Cette cité apparaît désormais dans chacune des visions. Elle comporte entre
ses quatre murs divers édifices : églises, palais, colonnes, maisons
ordinaires dans un ordre qui varie d'une image à l'autre. La sixième vision
s'étend surtout, on l'a dit, sur le rôle des anges. " La multitude des anges aux
côtés de Dieu est, dans le ciel, un arcane que la lumière de la divinité
pénètre totalement. Arcane obscur pour la créature qu'est l'homme, à moins
que des signes lumineux n’aient une raison d'être qui est liée à Dieu plus
qu'à l'homme. Elle n'apparaît aux hommes que rarement. Certains anges,
cependant, qui sont au service des hommes, se révèlent par des signes
quand il plaît à Dieu : c'est que Dieu leur a confié des fonctions diverses et
les a placés au service des créatures. " Parmi ces anges, il y a celui " qui
voulait n'exister que par lui-même ", Satan, et ceux qu'il a entraînés dans sa
chute ; mais il y a surtout " la grande cohorte angélique, les uns tels un feu,
les autres toute clarté les troisièmes tels des étoiles. Les anges de feu
recèlent les énergies les plus vives, rien ne peut les ébranler. Dieu a désiré
en effet qu'ils contemplassent sans cesse Son visage. Les anges qui sont
toute clarté sont eux, ébranlés par le service des œuvres humaines qui sont
aussi œuvres de Dieu ; ces œuvres de dévotion sont présentées aux anges à
la face de Dieu. Les anges ne cessent de les considérer, ils offrent à Dieu
leur suave parfum en choisissant ce qui est utile et en rejetant ce qui est
inutile. Quant aux anges qui ressemblent à des étoiles, ils souffrent avec la
nature humaine, ils la présentent à Dieu comme un livre, ils sont
compagnons des hommes, ils leur adressent des paroles de raison selon la
volonté de Dieu, les actions bonnes leur permettant de célébrer Dieu, et ils
se détournent des actions mauvaises. " Dans une autre vision, la septième,
Hildegarde revient sur " ces deux ordres, ceux des anges et ceux des
hommes ", indiquant que " Dieu éprouve une véritable joie dans la
célébration des anges autant que dans les saintes œuvres des hommes.

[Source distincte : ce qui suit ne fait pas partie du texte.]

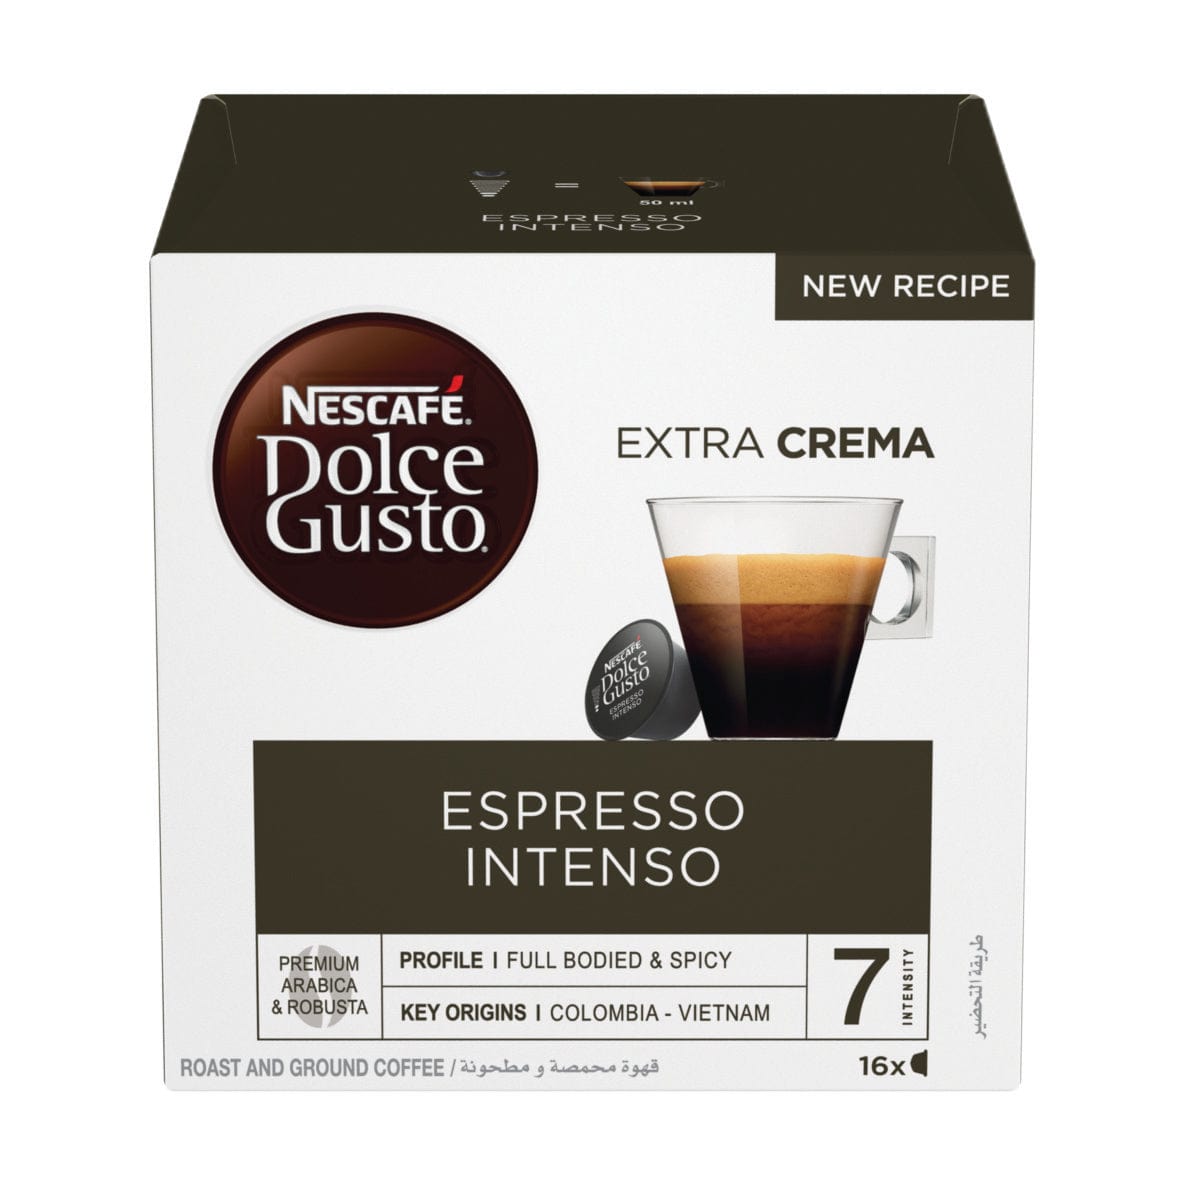 Nescafe Dolce Gusto Espresso Intenso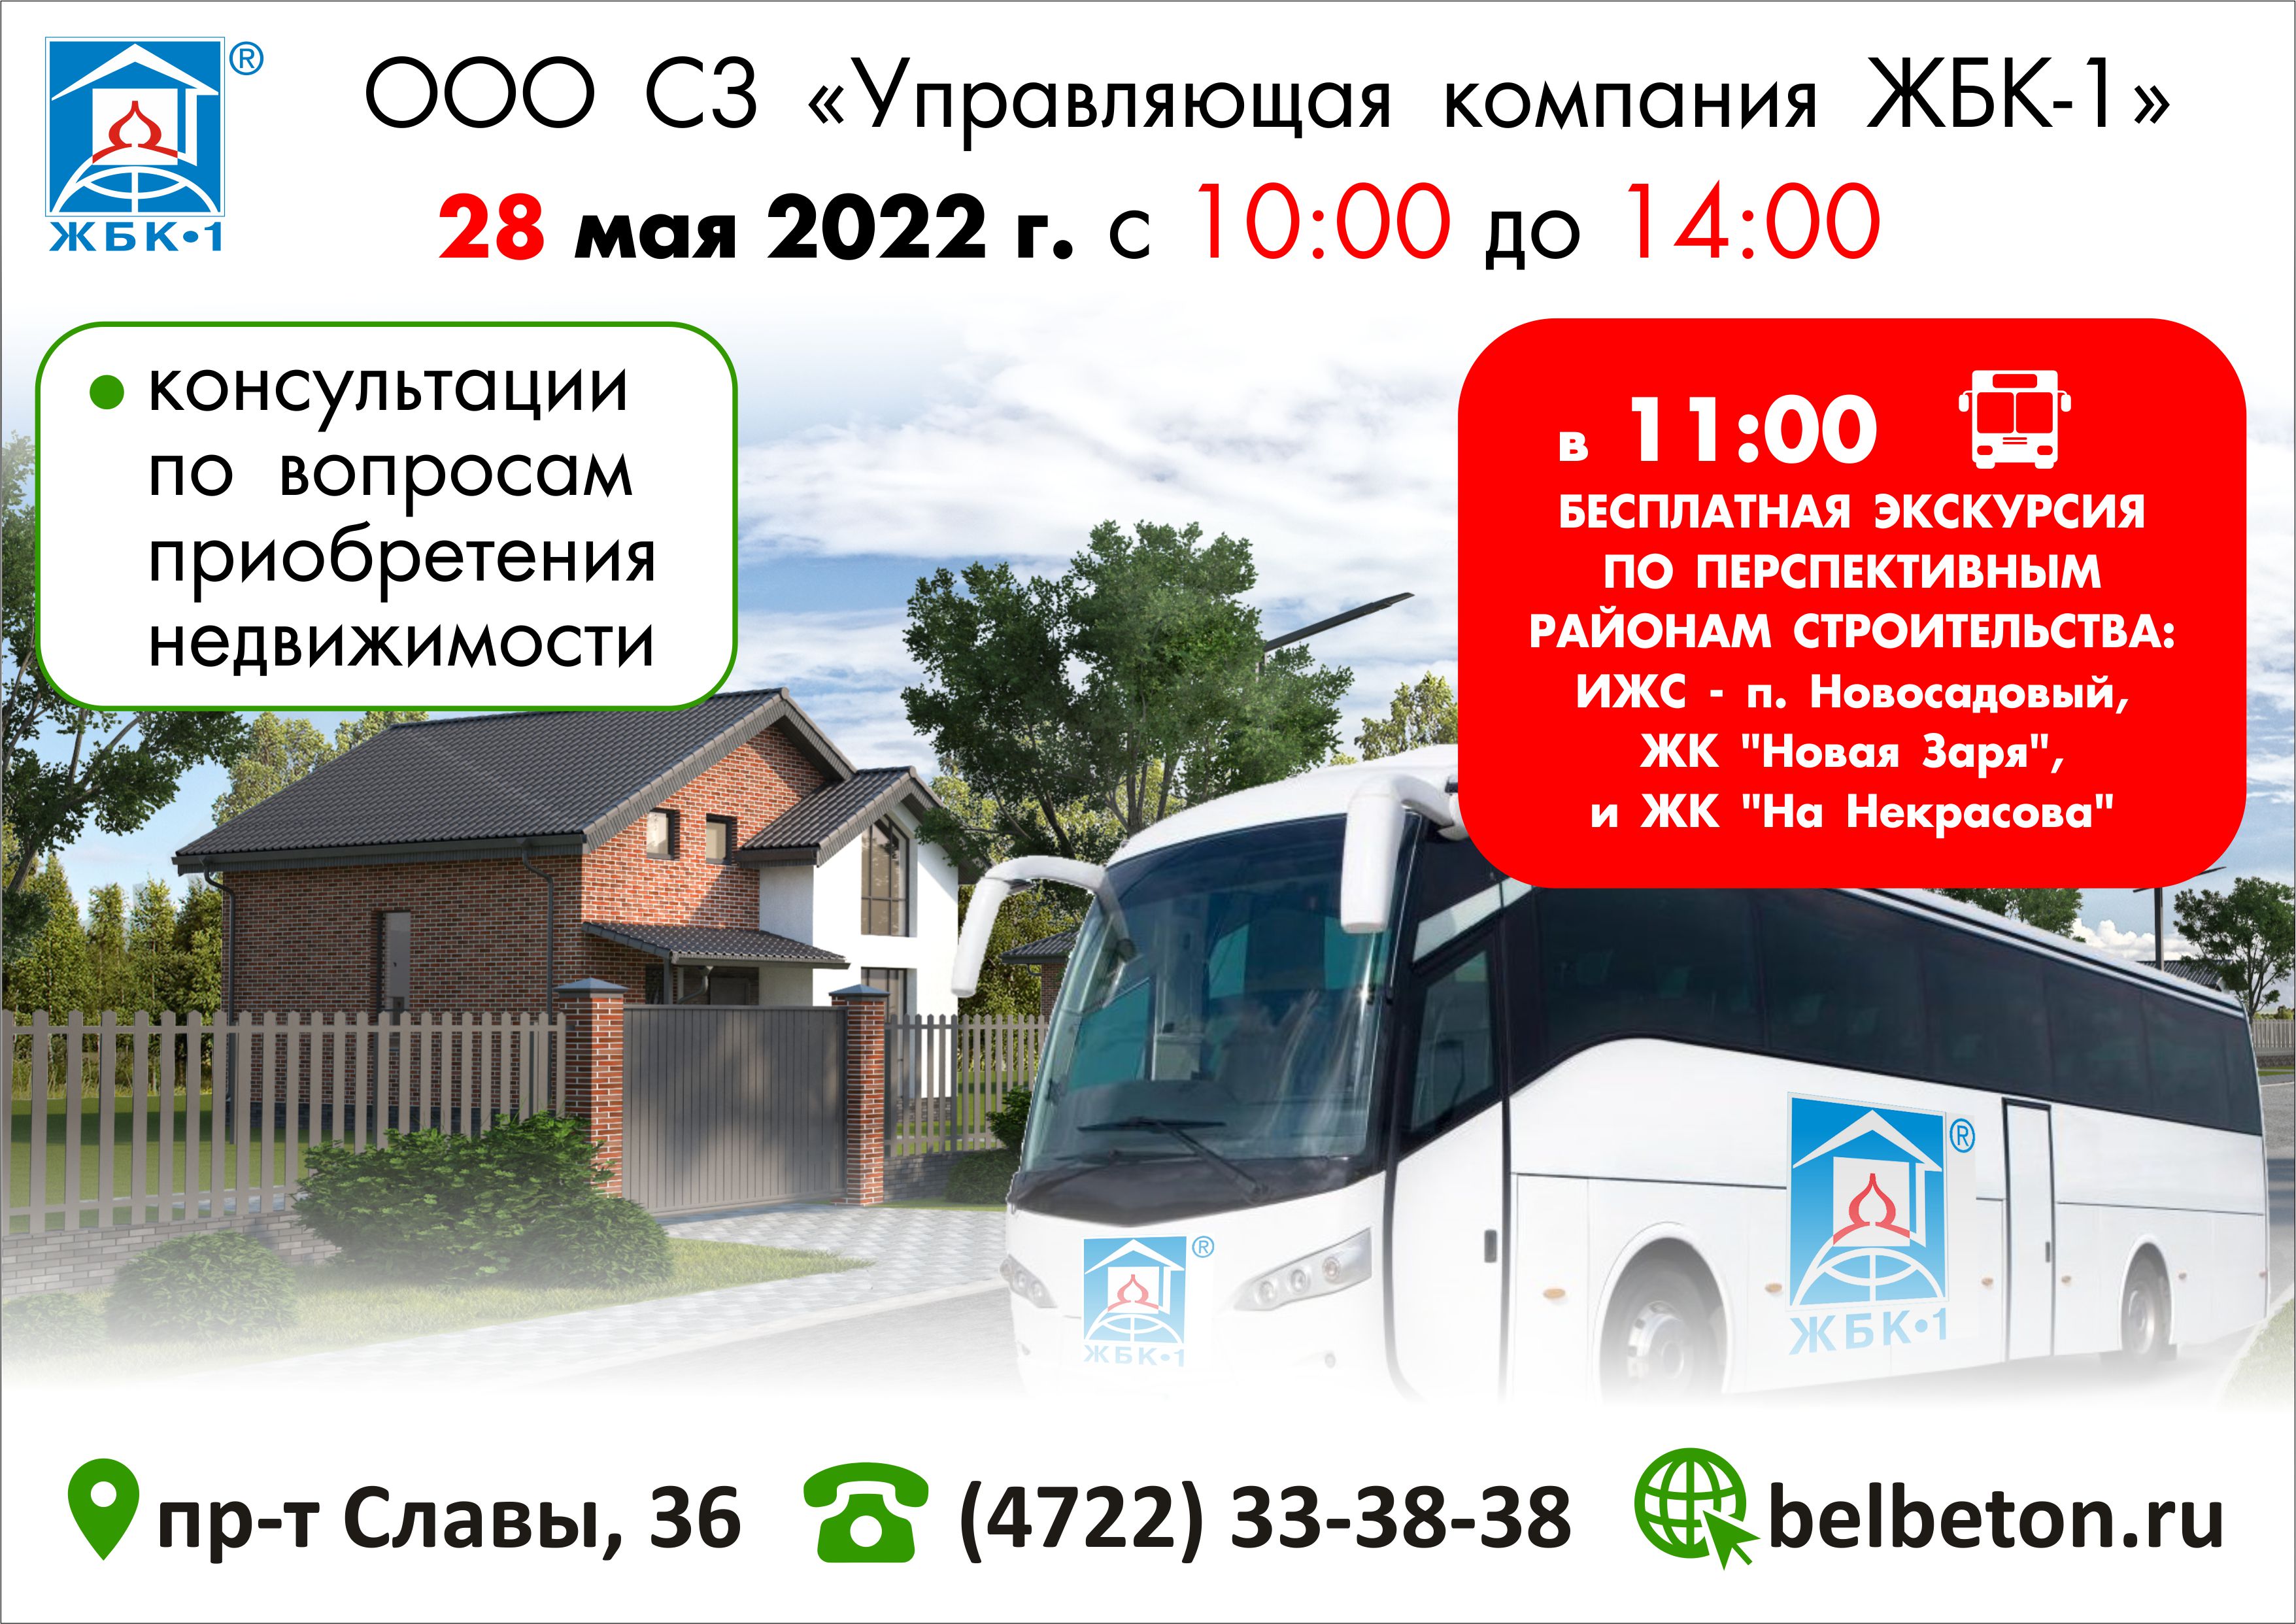 Внимание! ЖБК-1 предлагает готовые квартиры в жилых комплексах На Некрасова и Новая Заря

Certes, l'ange est constant à la face de Dieu, cependant que l'homme est
instable : aussi l'œuvre de l'homme, parallèlement, est-elle souvent
déficiente ; la célébration angélique, elle, ne l'est jamais ".
" J'aperçus le cercle terrestre partagé en cinq secteurs l'un à l'est, l'autre à
l'ouest, le troisième et le quatrième au sud et au nord, le cinquième au
centre. " Chacun de ces secteurs a l'aspect d'un arc tendu. L'un d'entre eux,
le secteur est, resplendit de clarté, alors que l'ouest est recouvert
partiellement de ténèbres ; le secteur sud, lui, se divise en trois zones, deux
qui montrent " des châtiments et, au milieu, pas de châtiments mais des
monstres horribles qui lui conféraient un aspect effroyable. En direction de
l'est, j'aperçus, au-dessus de la courbure terrestre et à une certaine altitude,
une boule rouge entourée d'un cercle de la couleur d'un saphir. Deux ailes
sortaient de la droite et de la gauche de ces boules, elles s'élevaient des deux
côtés puis elles se recourbaient, elles se faisaient face, elles se prolongeaient
jusqu'à la moitié de la circonférence terrestre qu'elles encerclaient. [... ] De
cette boule partait jusqu'au milieu des ailes une route au-dessus de laquelle
scintillait une étoile lumineuse ". Dans les explications qui suivent, on
comprend qu'il s'agit du globe terrestre, lequel se trouve réparti en cinq
zones ; l'ensemble d'ailleurs est une figure de l'homme. " La terre représente
l'homme. [... L'homme est conduit au salut de son âme par les cinq sens qui
lui permettent de satisfaire tous ses besoins. "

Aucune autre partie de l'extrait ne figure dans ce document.